The aberrational data have some limitations. First, they cover only a field of radius of approximately 20°, whereas measurements of peripheral astigmatism suggest that the largest changes with accommodation occur at field angles of 30° and more (Smith et al.,
1988; Whatham et al.,
2009). On the other hand, sensitivity to defocus as evidenced by depth-of-focus (Wang & Ciuffreda,
2004; Wang, Ciuffreda, & Irish,
2006) or accommodation response (Bullimore & Gilmartin,
1987; Gu & Legge,
1987) declines quite rapidly with field angle over the central 10° radius of visual field, due largely to the fall-off in cone and ganglion cell density (Jonas, Schneider, & Naumann,
1992), so that, if retinal control of eye growth as a result of local defocus were to follow a similar pattern, this constraint may not be serious. Second, our measurements rely on subjects maintaining the same level of accommodation during the lengthy series of measurements at the different field angles: this would be expected to have greatest effect on the stability of the values of the spherical equivalent
M. We attempted to minimize this problem by allowing subjects to have breaks on request and at least once during each measurement series. Third, our analysis is in terms of the values of the accommodation stimulus demands, rather than response levels. The actual values of response differed somewhat between subjects. However, examination of the individual data suggested that all the response changes between the 2 stimulus demands were broadly similar (mean and
SD 3.6 ± 0.5 D). Fourth, our subjects were emmetropes, all of whom had essentially myopic
RPRE for the 0.3-D accommodation stimulus. It remains possible that, for example, subjects with hyperopic
RPRE might have displayed more striking changes in aberration. Fifth (as in most earlier studies), subjects maintained accommodation for only relatively short periods of time. It may be that during long periods of nearwork larger aberrational changes might occur, either as a result of corneal change (Buehren, Collins, & Carney,
2003,
2005) or change in the shape of the globe (Mutti et al.,
2007).
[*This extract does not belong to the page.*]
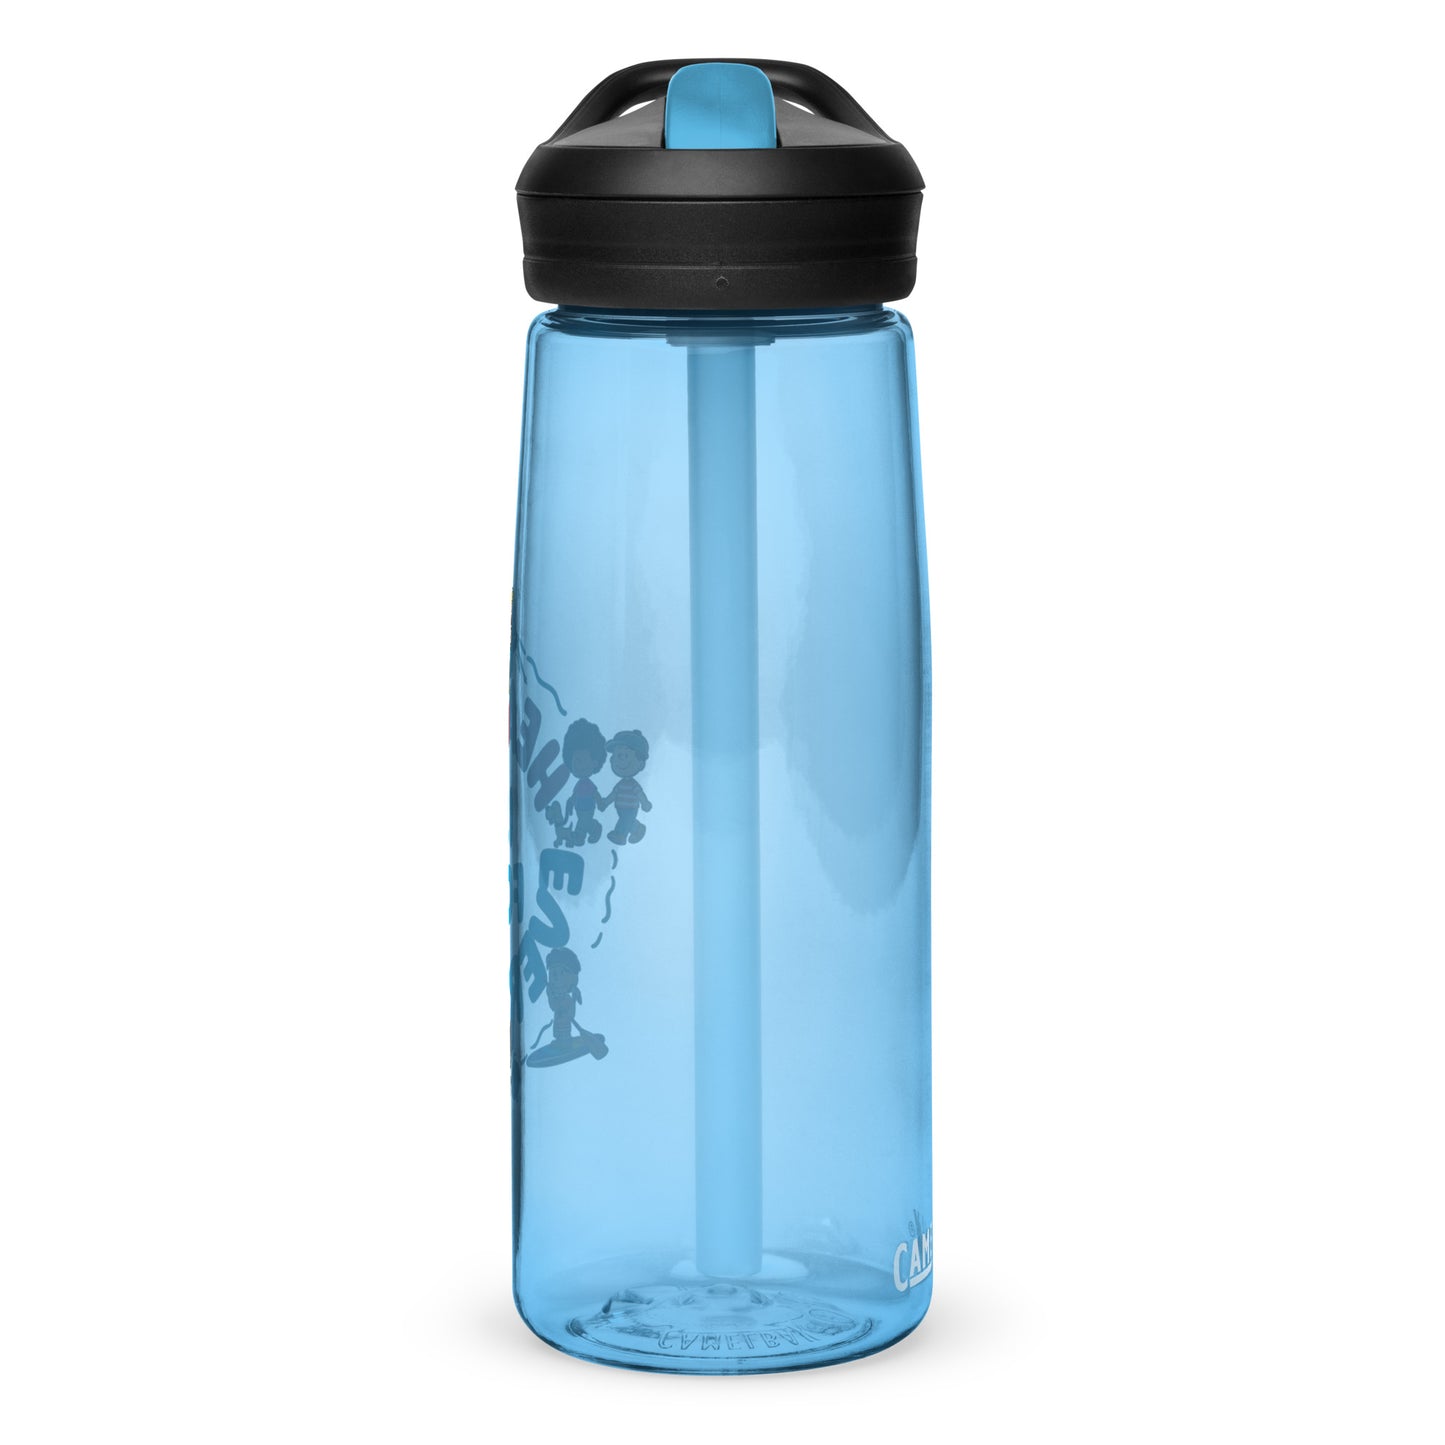 Health Is For Everyone Sports water bottle

Lastly, we compared the two accommodation demands at a common pupil size, whereas pupil size decreases linearly with increase in accommodation demand at constant illumination (e.g., Kasthurirangan & Glasser,
2005). Thus it must be appreciated that if the unaccommodated pupil size was actually 5 mm, the aberrations in the accommodated case would be smaller than shown here and have different effects on retinal imagery. The rate of change of coma would reduce across the field and the negative spherical aberration would be smaller. As our actual pupil sizes all exceeded 5 mm, the pupil centers were likely to be slightly inaccurate for a 5-mm pupil (Walsh,
1988; Wilson, Campbell, & Simonet,
1992) and this would affect aberrations. However, shifts in pupil center, because of the differences in pupil size with accommodation, are allowed for in the analysis of the Shack–Hartmann patterns and are hence taken account of in the results.